U.S. Rep. Angie Craig, D-Eagan, reintroduced last week the Safe Stay Act, which would require the installation of carbon monoxide detectors in each hotel and motel room across the country. This legislation, which was originally introduced in the 116th Congress, was motivated by the story of Lakeville resident Leslie Lienemann, who was hospitalized with a serious illness following a near-fatal carbon monoxide poisoning incident in a Michigan hotel room.
In July 2019, Lienemann and her son, Jeff, traveled to Michigan for NAHL hockey tryouts. Over the course of their three-night stay, Leslie and Jeff experienced worsening symptoms including severe headaches, vomiting and numbness. The Lienemanns sought medical attention at a nearby emergency room after the third day – at which point they were diagnosed with acute carbon monoxide poisoning and received several hours of oxygen treatments. From January 2005 to December 2018, at least 905 hotel guests were poisoned in 115 incidents, resulting in 22 fatalities nationwide.

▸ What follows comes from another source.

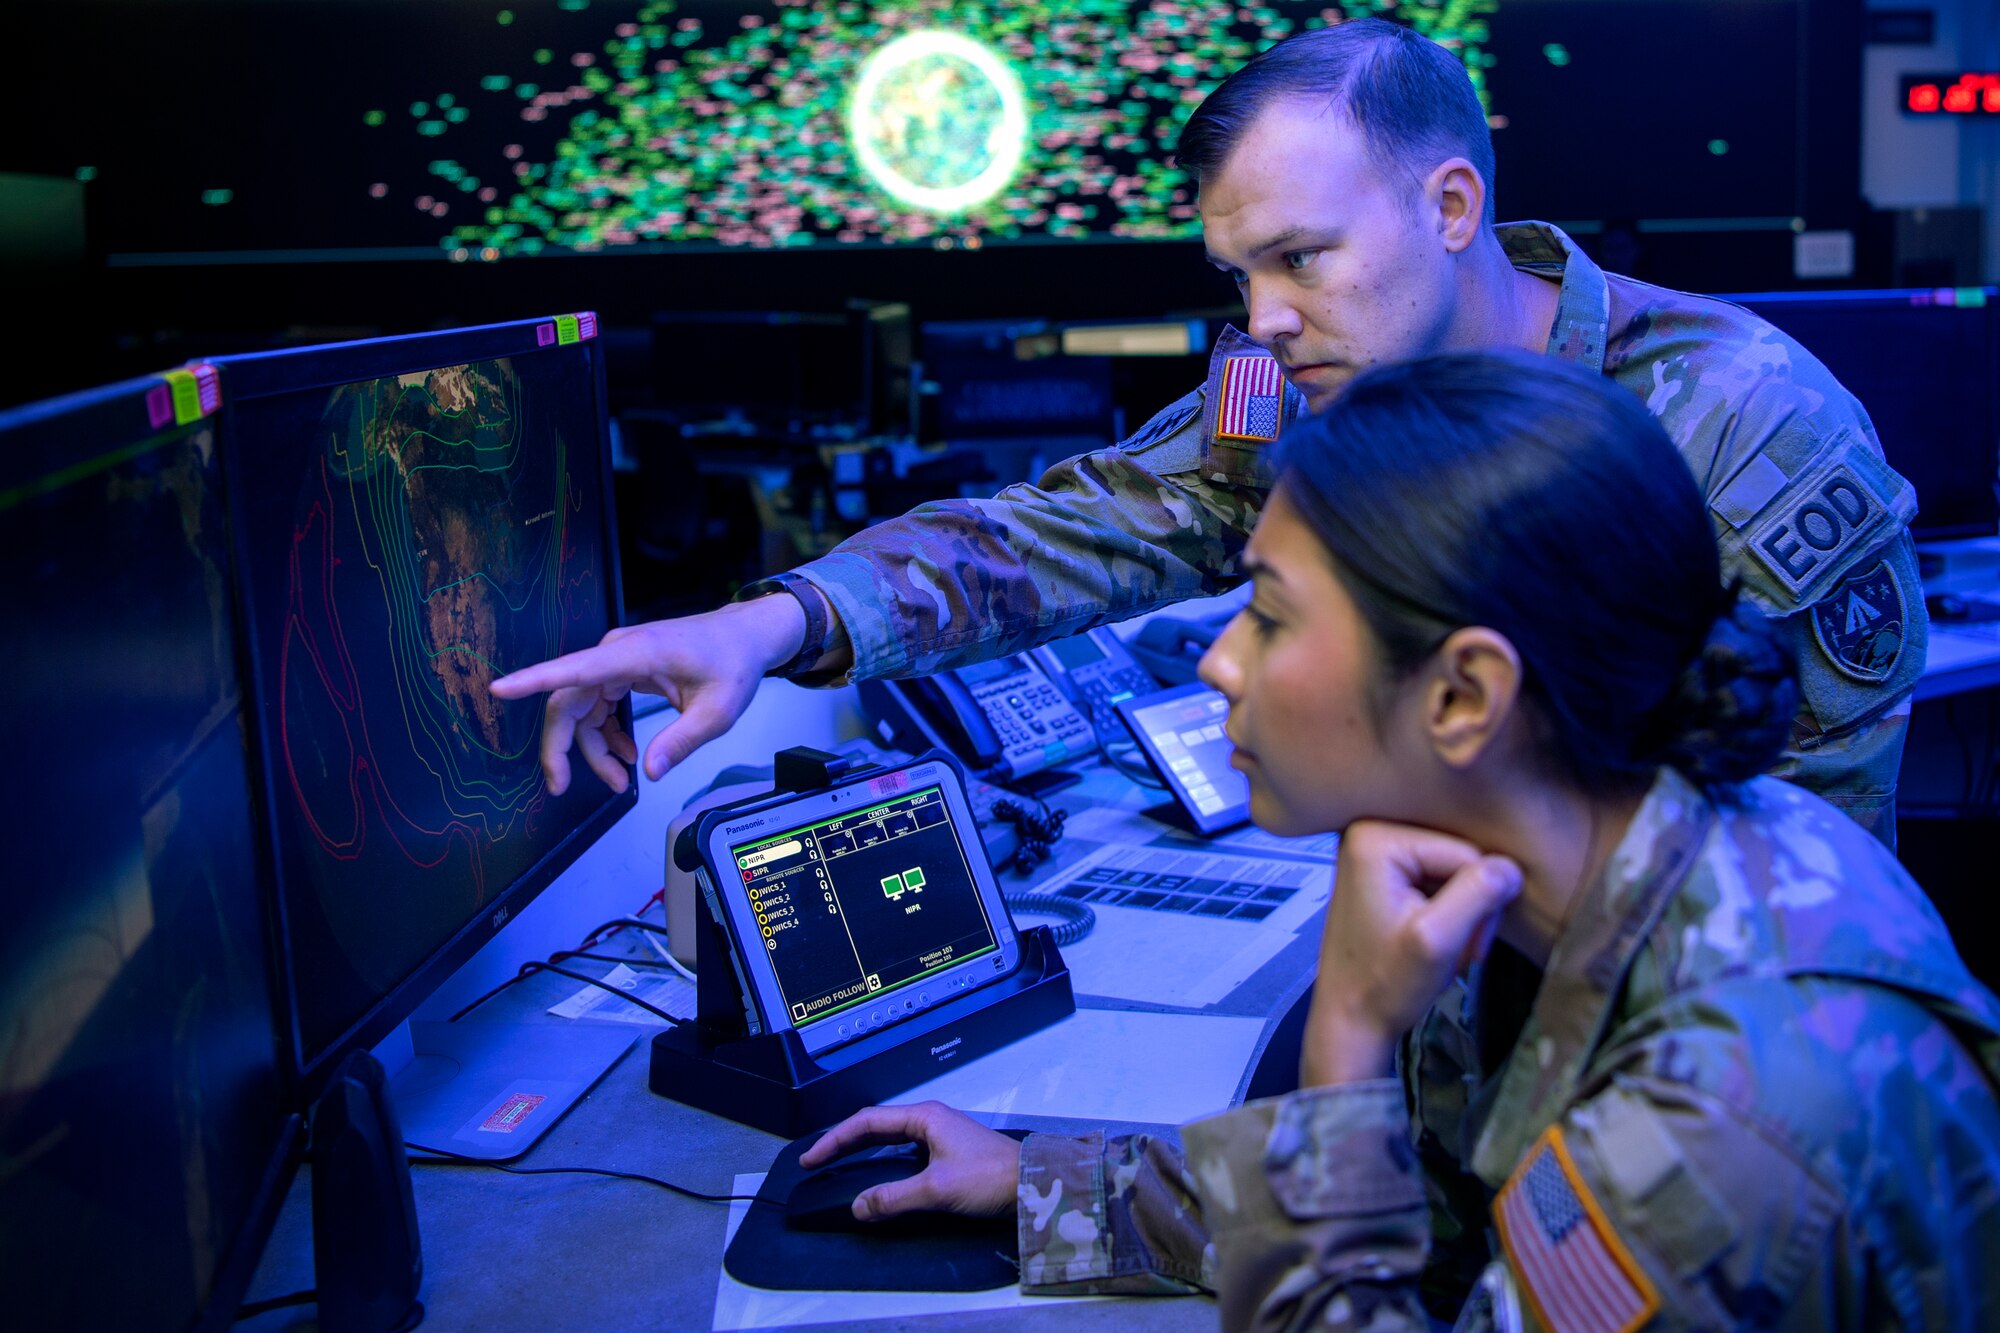 Man and woman in uniform looking at computer screen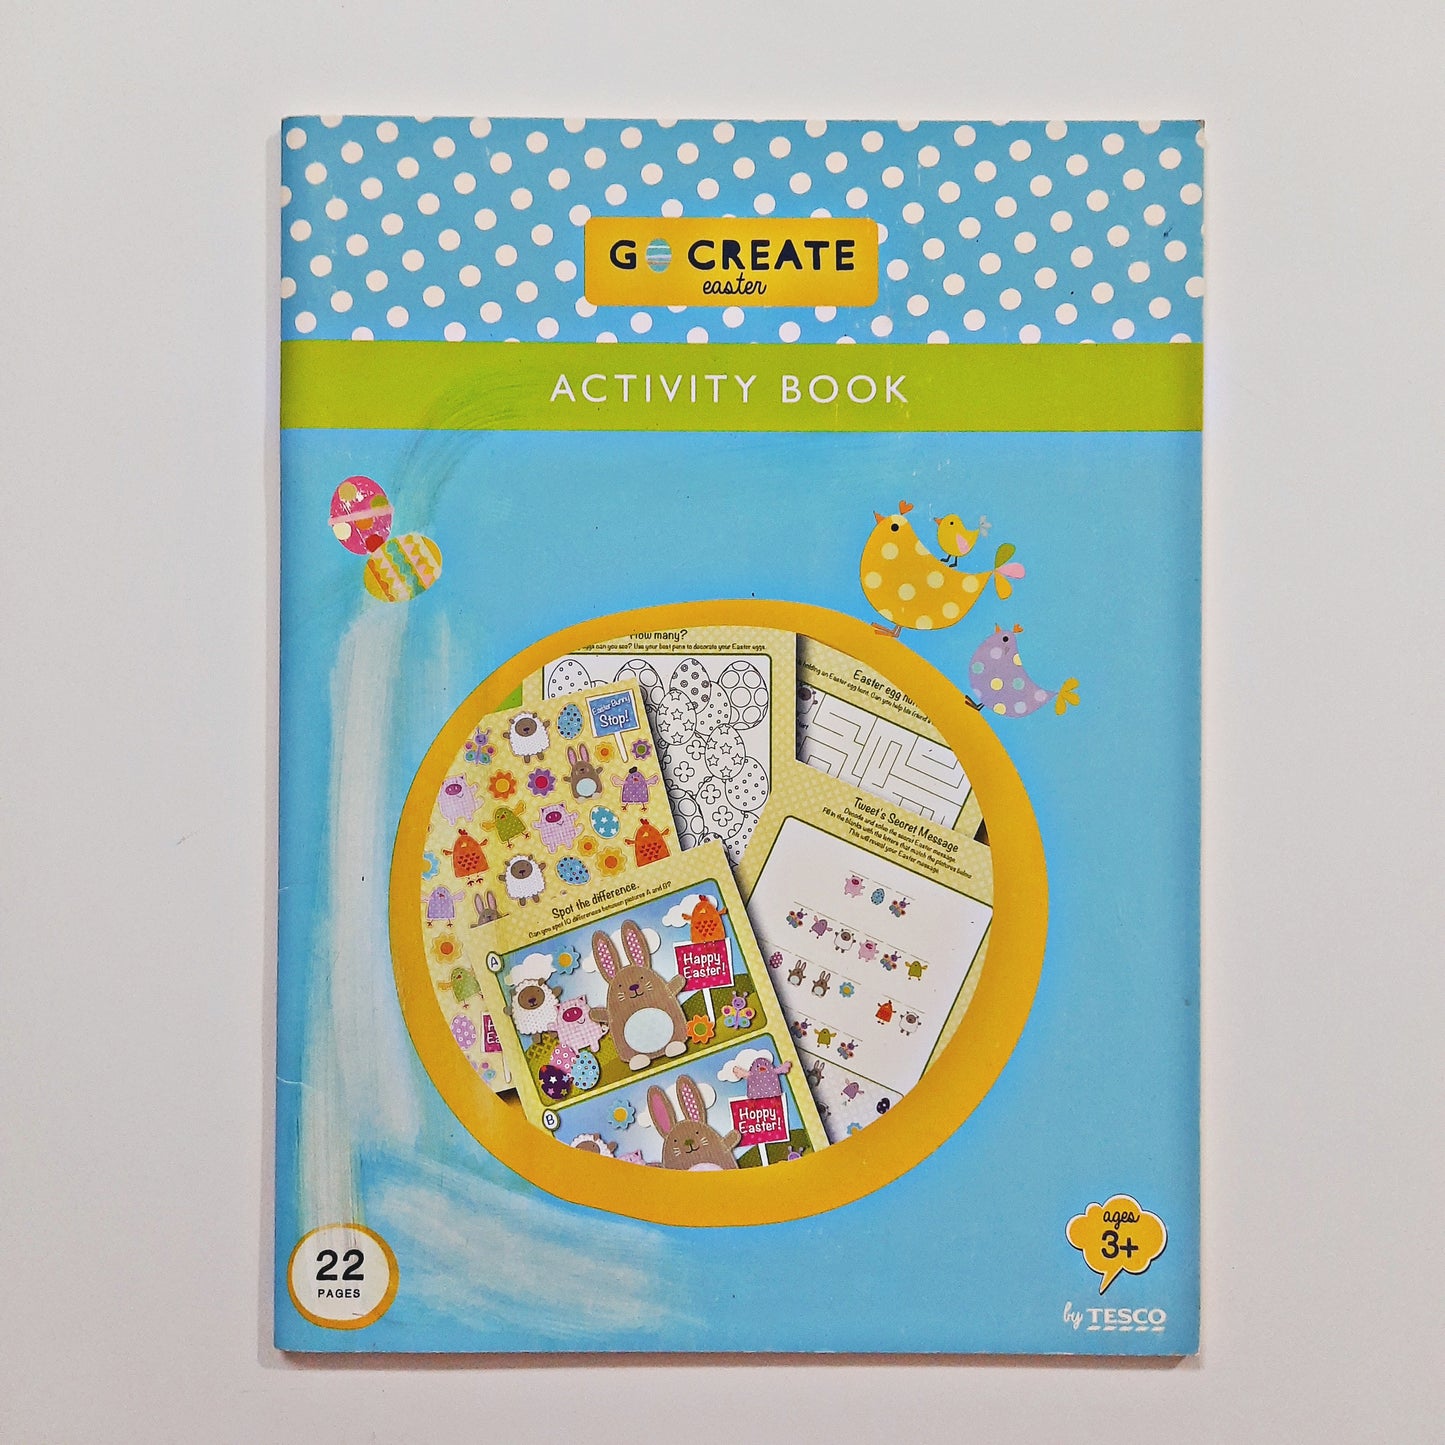 Activity Book with Stickers, Press outs

“Carbon monoxide is often referred to as the silent killer – a deadly and undetectable gas that poses a serious threat to its unsuspecting victims. Unless we take steps to prevent it, poisonings like the one that affected the Lienemanns – as well as hundreds of other Americans in recent years – could happen to any one of us,” Craig said in a press release. “No one in this country should ever lose a loved one from such an easily preventable tragedy. Today, I am proud to reintroduce this lifesaving legislation in honor of Leslie and Jeff – and I will continue fighting for its passage in the House of Representatives.”
The Safe Stay Act would require the installation of compliant carbon monoxide alarms and detectors in every hotel and motel room nationwide, similar to requirements for smoke detectors and sprinklers. If enacted, the legislation would represent the first significant update to existing law dealing with fire safety rules in hotels and motels in three decades. To ensure compliance with the Safe Stay Act, hotels and motels would have to provide guests at check-in a written notice attesting that they are in compliance with the requirements of the Safe Stay Act. Failure to do so would be considered an unfair or deceptive act or practice under the Federal Trade Commission Act, which helps protect consumers from substantial unavoidable injury.
“The Safe Stay Act will prevent death or injury from carbon monoxide. Families are eager to return to travel after the pandemic, and they assume they are safe because they do not know that they are not protected from carbon monoxide poisoning when they stay in a hotel. Had we not left the hotel room when we did, my son and I would likely be dead. For three days, I watched my child being poisoned, not understanding what was making him sick — for lack of a simple carbon monoxide detector that can be purchased at any hardware store for about $30,” said Leslie Lienemann. “Since we suffered carbon monoxide poisoning in 2019, I have found information indicating there have been at least 41 additional cases of carbon monoxide poisoning injuries, including two deaths, in hotels in the United States, even during the pandemic when few people traveled. Hotels and local fire officials are not required to report carbon monoxide incidents or injuries, so this danger is hidden from the public. I don’t want any family to lose a loved one to carbon monoxide, and I don’t want any other parent to watch their child being poisoned and not recognize the invisible killer lurking in the room.”